- Genre: Reality
- Created by: Bobby Goldstein
- Written by: Bobby Goldstein
- Directed by: John McCalmont (2000–02) Kenneth M. Smith Jr. (2002–10)
- Presented by: Tommy Habeeb; Joey Greco; Clark James Gable; Peter Gunz;
- Theme music composer: Bobby Goldstein
- Opening theme: "Broken Hearted" by Bill Mason; Bobby Goldstein;
- Composers: Bill Mason; Bobby Goldstein;
- Country of origin: United States
- Original language: English
- No. of seasons: 21

Production
- Executive producer: Bobby Goldstein
- Producers: Bobby Goldstein; Vincent Devany;
- Production locations: Various, but mostly in the Dallas/Fort Worth metroplex
- Editors: Jeremy Hechler; Israel Cavazos; Tim Wilkins; Matt Phillips; Andrew Phillips;
- Running time: 60 mins. (weekly episodes) 30 mins. (strip version)
- Production companies: Bobby Goldstein Productions; MG-Perin Inc.;

Original release
- Network: Syndication
- Release: October 2, 2000 – December 16, 2024

= Cheaters (American TV series) =

American reality series (2000–2024)

Cheaters is an American weekly syndicated reality television series featuring couples with one partner who is committing adultery, or cheating, on the other partner.
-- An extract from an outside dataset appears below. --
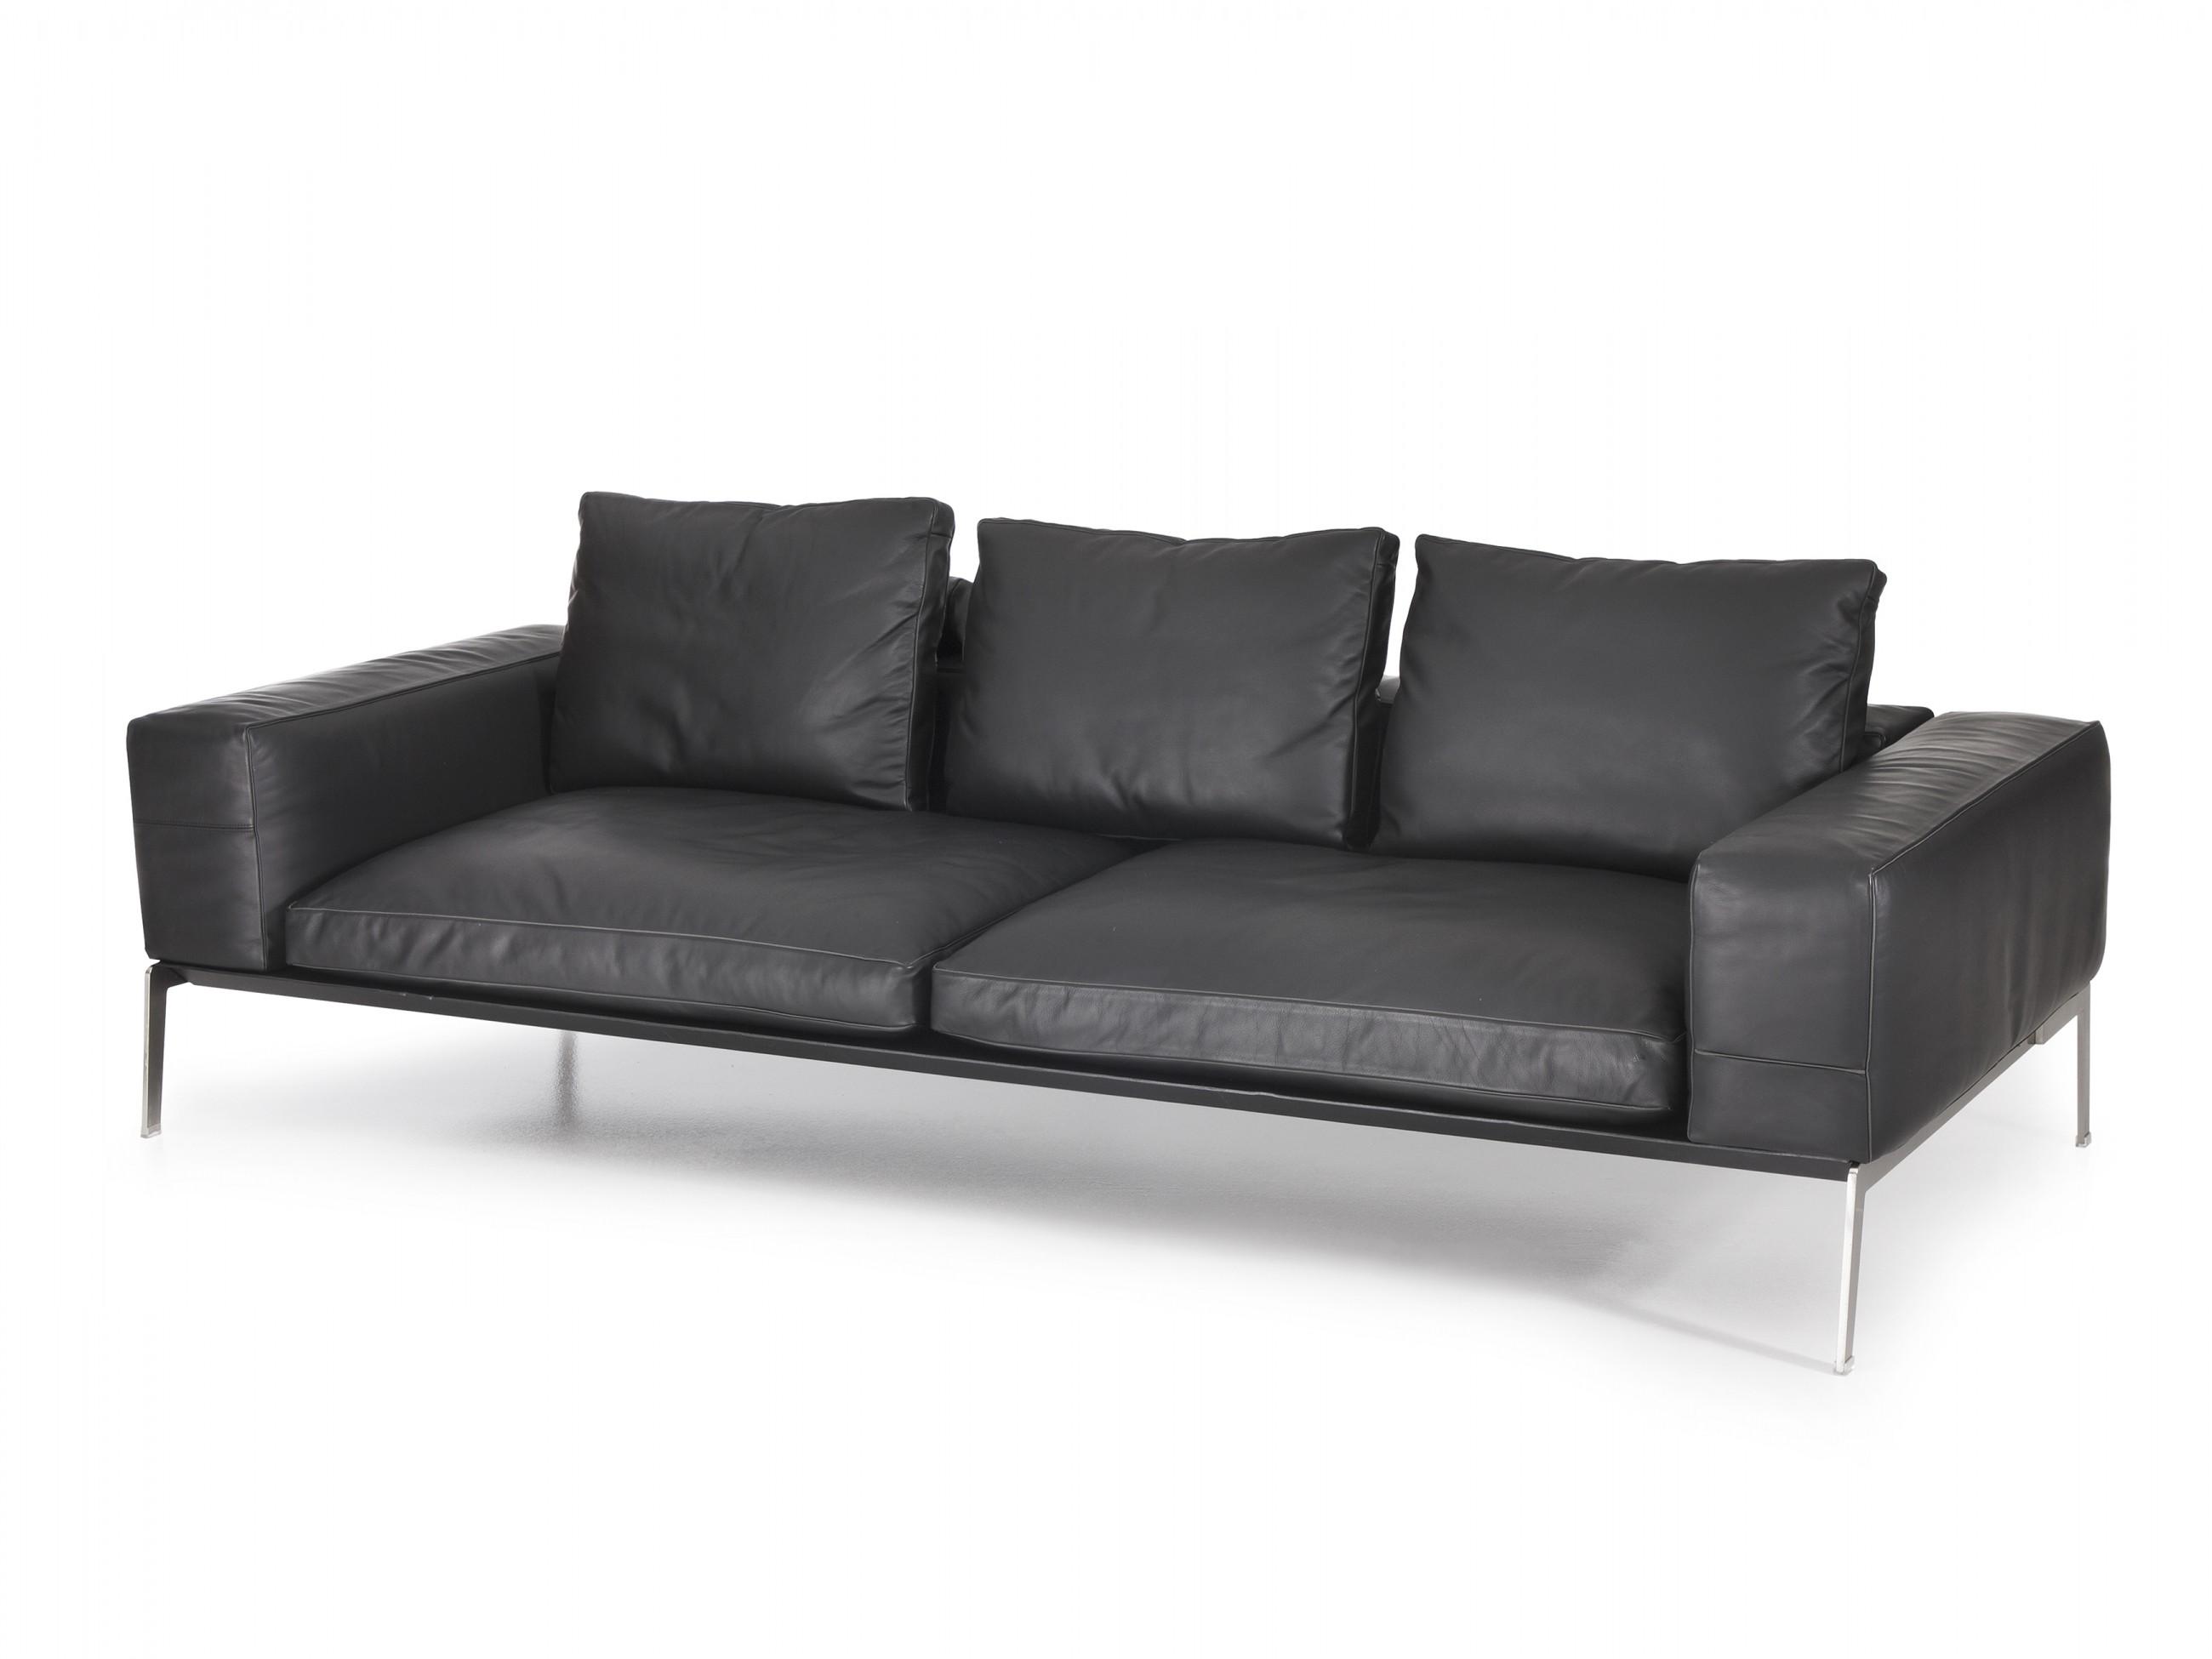 flexform lifesteel sofa hammer auktionen z rich. Black Bedroom Furniture Sets. Home Design Ideas

Investigations are headed by the "Cheaters Detective Agency". The series premiered on October 2, 2000, and ended on December 16, 2024. It has been hosted by Tommy Habeeb, Joey Greco, Clark James Gable and Peter Gunz.

== Format ==

Actor Joey Greco was the show's longest-running host, hosting from late 2002 to mid-2012 and returning briefly in 2015. At the onset of the show's 13th season, he was replaced by Clark James Gable, the grandson of legendary actor Clark Gable. Gable would host the series until his unexpected death in 2019 due to a drug overdose. In February 2020, it was announced via social media that Love & Hip Hop star Peter Gunz would become the new host beginning in October 2020. Filming of season 21 took place in Dallas during the summer of 2020, despite the ongoing COVID-19 pandemic in the United States.

The show's complainants can be either married or long-term significant others, and have included both opposite-sex and same-sex couples.
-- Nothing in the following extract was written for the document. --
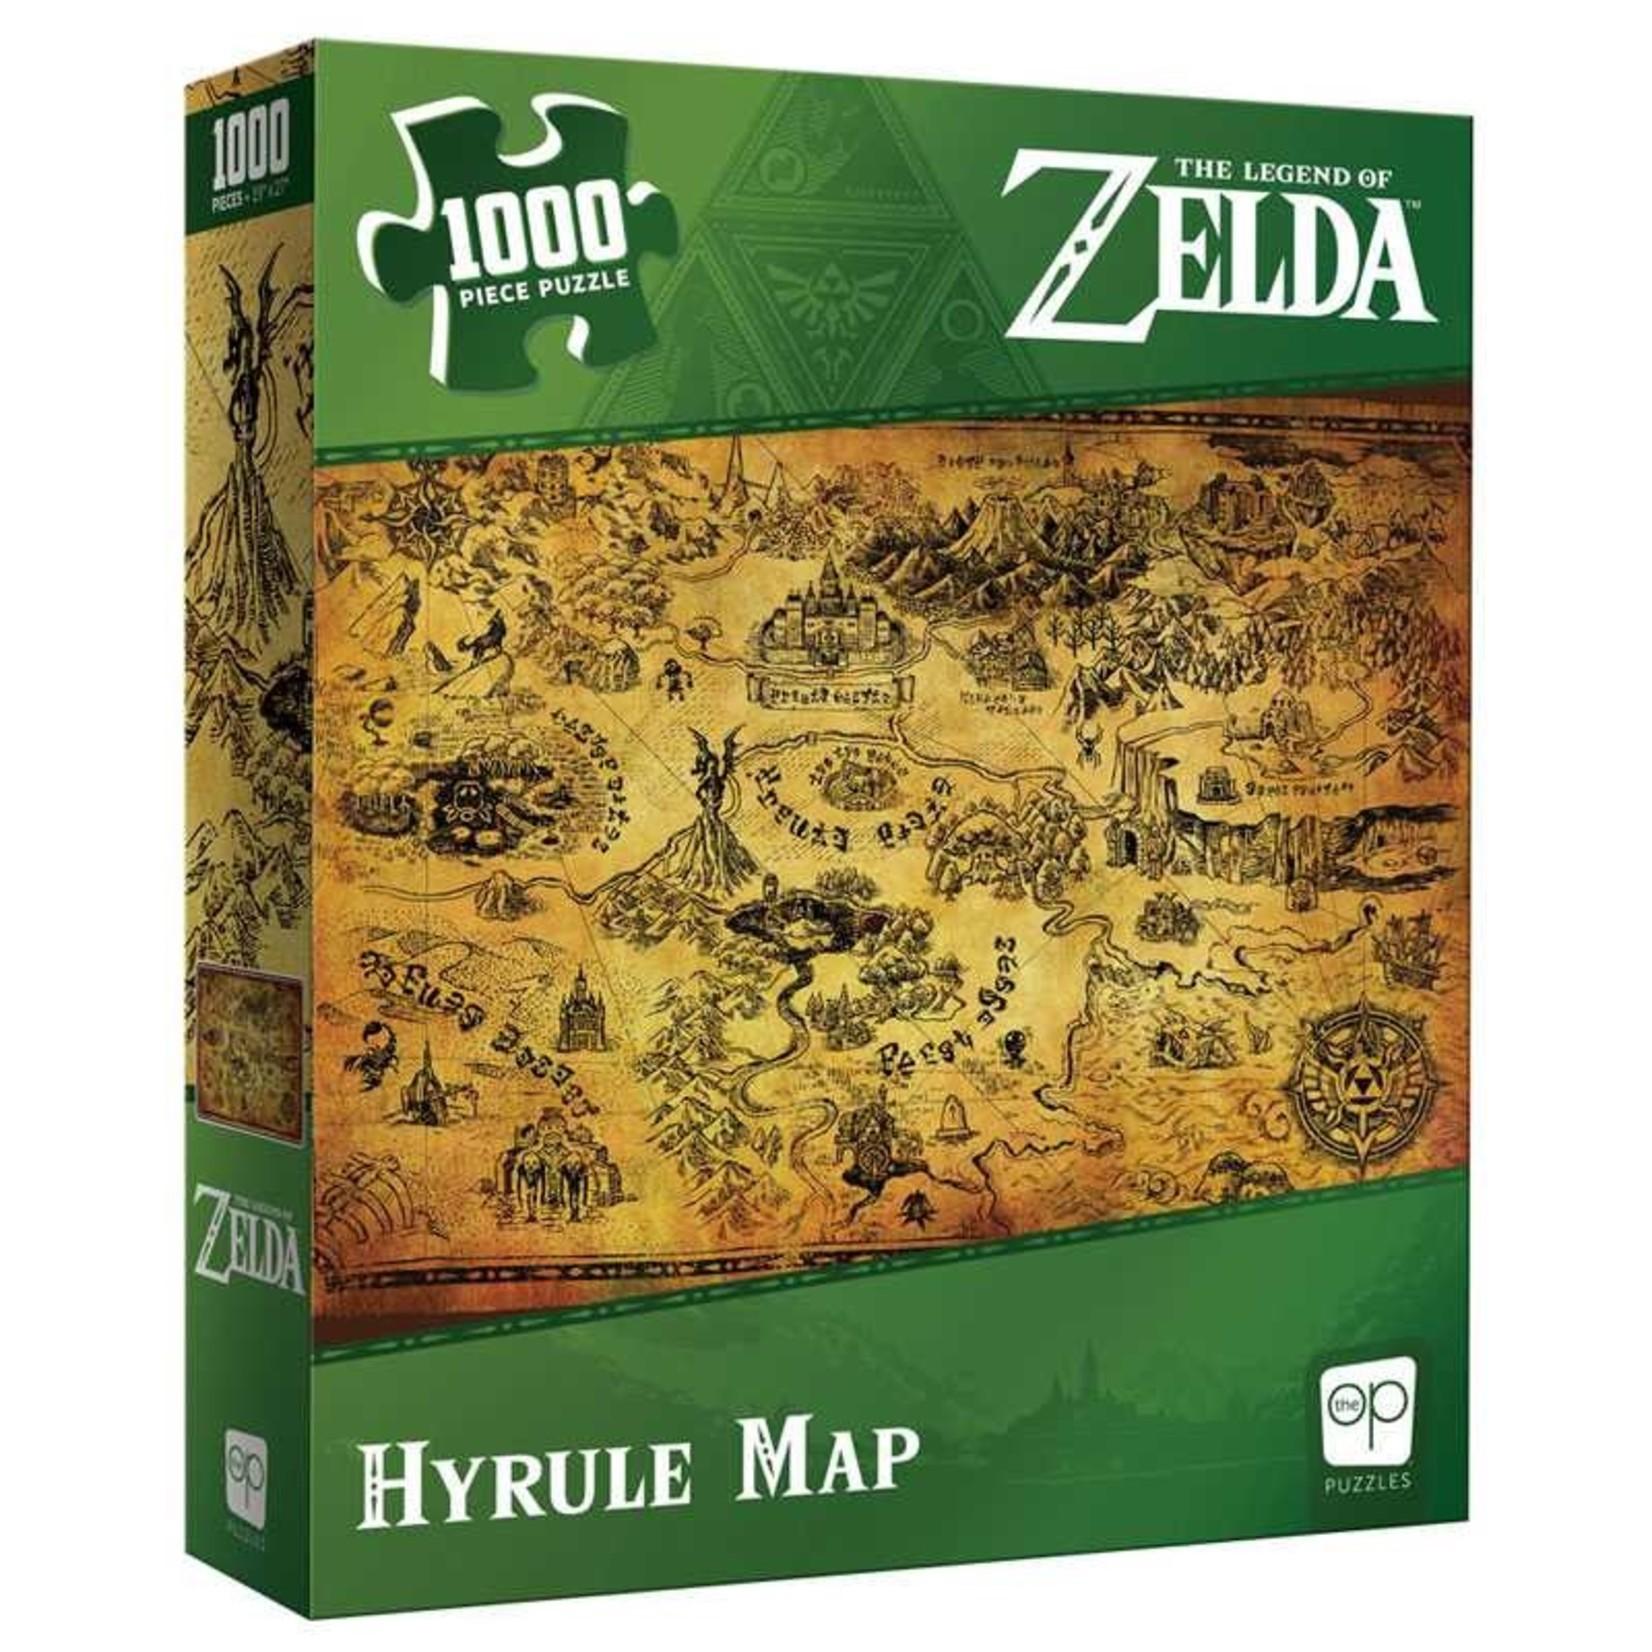 USAopoly USAPZ Zelda Hyrule Map (Puzzle1000)

Each episode begins with a brief interview of the complainant, detailing how the complainant met their partner and what has led them to believe that the partner is cheating, citing suspicious activities or behavior. Next, the narrator (originally Robert Magruder from 2000-2015, then Ken Eaken since 2015) describes the progress of the investigation of the partner (referred to as "the suspect"). Private investigators follow the suspect over the course of several days or weeks at their home, workplace, and/or in public with their alleged paramour (dubbed "the companion"). If the complainant and suspect live together, hidden cameras are occasionally installed in their home. A recorded telephone conversation between the complainant and suspect, in which the suspect lies about his or her whereabouts, is also played.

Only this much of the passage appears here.